Since those wallets cannot migrate to quantum-resistant addresses, the report warned they could become permanent targets once quantum attacks become practical.
“The only practical solution is to set a hard deadline for account owners to migrate their tokens to quantum safe accounts, after which all tokens held in vulnerable accounts will be permanently frozen,” said Auryn Macmillan, co-founder of Gnosis Guild, in comments included in the report.
Elsewhere, the report argued that much of the technology industry has already started preparing for post-quantum cryptography.
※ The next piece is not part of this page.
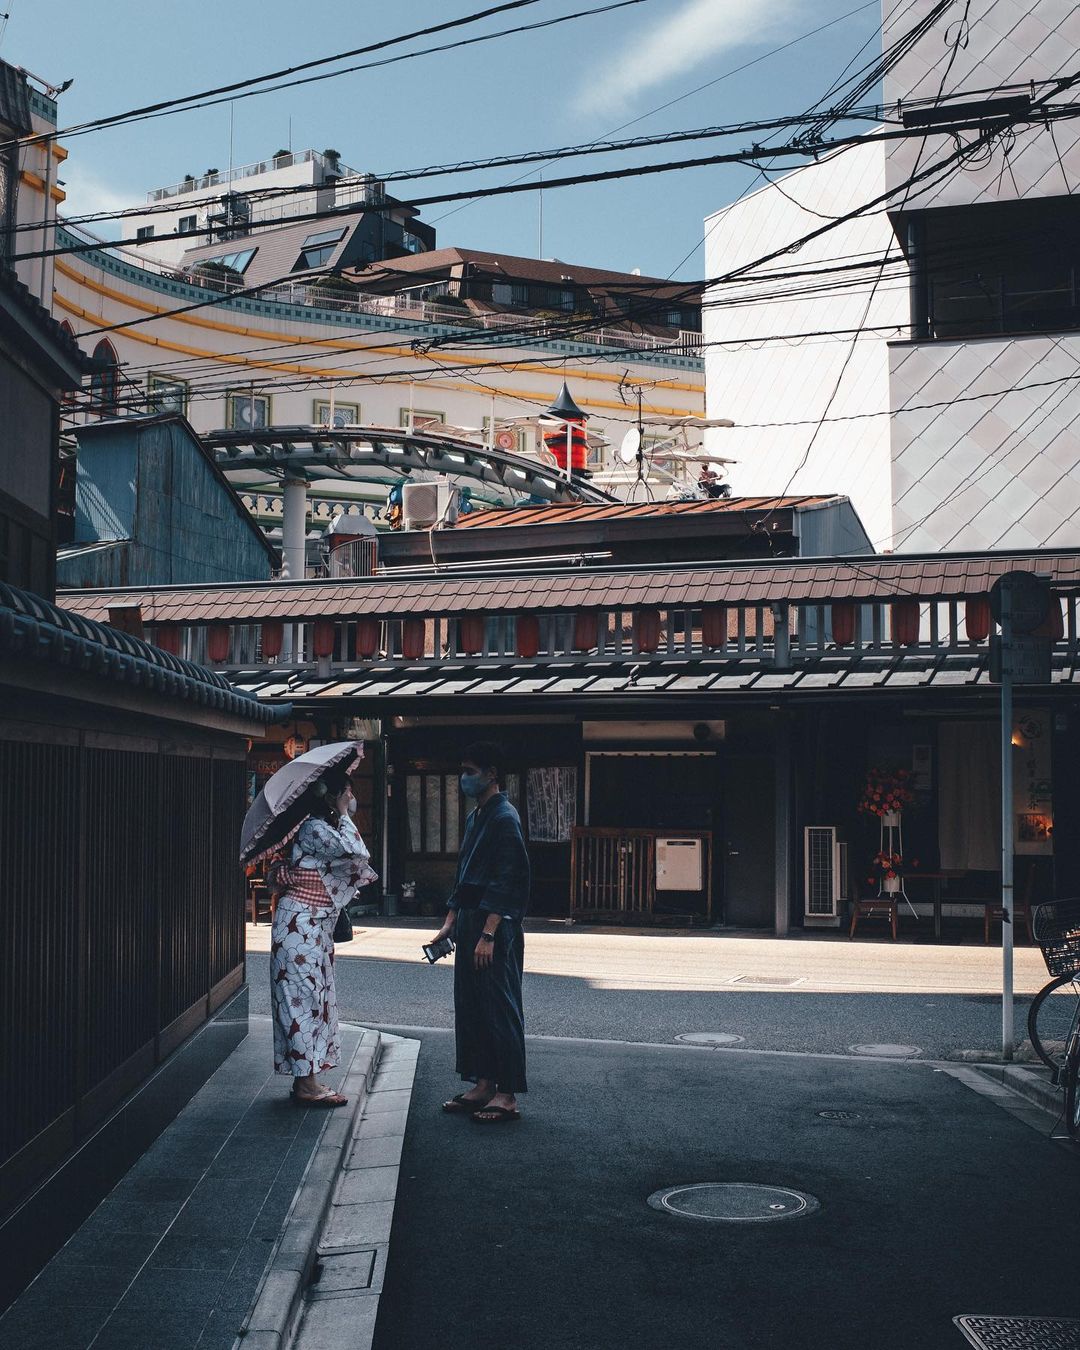 Атмосферные фотографии из Японии Токио, талантливый, исследовать, в Instagram, делится, фотограф, работами, Своими, пейзажи, городские, замечательные, запечатлеть, чтобы, улицы, любит, фотографсамоучка, фотографии, уличной, пейзажной, основном

NIST finalized post-quantum encryption standards, including ML-DSA, ML-KEM, and SLH-DSA in August 2024, while companies such as Google, Signal, Apple, and Cloudflare have already begun deploying post-quantum protections with migration targets extending into 2029 and 2030.
Bitcoin migration debate gains urgency
Meanwhile, the report said the crypto industry remains divided over how to handle migration. Bitcoin’s transition was described as particularly difficult because of governance coordination, scaling concerns, and the challenge of replacing existing signature systems without introducing new vulnerabilities.
As previously reported by crypto.news, Dan Boneh, a Stanford cryptographer and co-author of Google Quantum AI’s March 2026 paper, recently warned that rushing Bitcoin into a post-quantum migration could create bigger dangers than the current threat itself.
In a May interview highlighted by Isabel Foxen Duke, Boneh warned that “a hasty transition to post quantum[…]is more likely to cause a catastrophic bug than we’ll be attacked by a quantum computer.”
Boneh nevertheless argued that preparation cannot be ignored. According to the interview, he supported a gradual migration toward post-quantum signatures and hybrid cryptographic systems rather than a sudden replacement of Bitcoin’s existing elliptic curve architecture.
Hardware limitations also remain a concern for wallet providers attempting to support larger post-quantum cryptographic schemes. Aaron Chen, CTO of Keystone, said in the report that algorithms such as ML-DSA-87 place significant strain on hardware wallets because of memory and computing constraints.
“For a hardware wallet, the device is typically MCU-based, which means its hardware resources are inherently limited,” Chen said in the report, adding that preserving user experience while supporting post-quantum standards introduces “additional challenges for hardware wallet development.”
Elsewhere in the report, Matt Swayne, chief content officer at Resonance, argued that the crypto industry may be underestimating how quickly the technology is advancing.
“We often hear about quantum hype, but we also have to be aware that the quantum industry is underselling its progress,” Swayne said.
Quantus concluded that migration delays could carry financial and political consequences once quantum capabilities become viable.
According to the report, preparing too early mainly creates operational inconvenience and larger transaction sizes, while preparing too late risks fund losses, institutional panic, and regulatory intervention after quantum attacks become possible.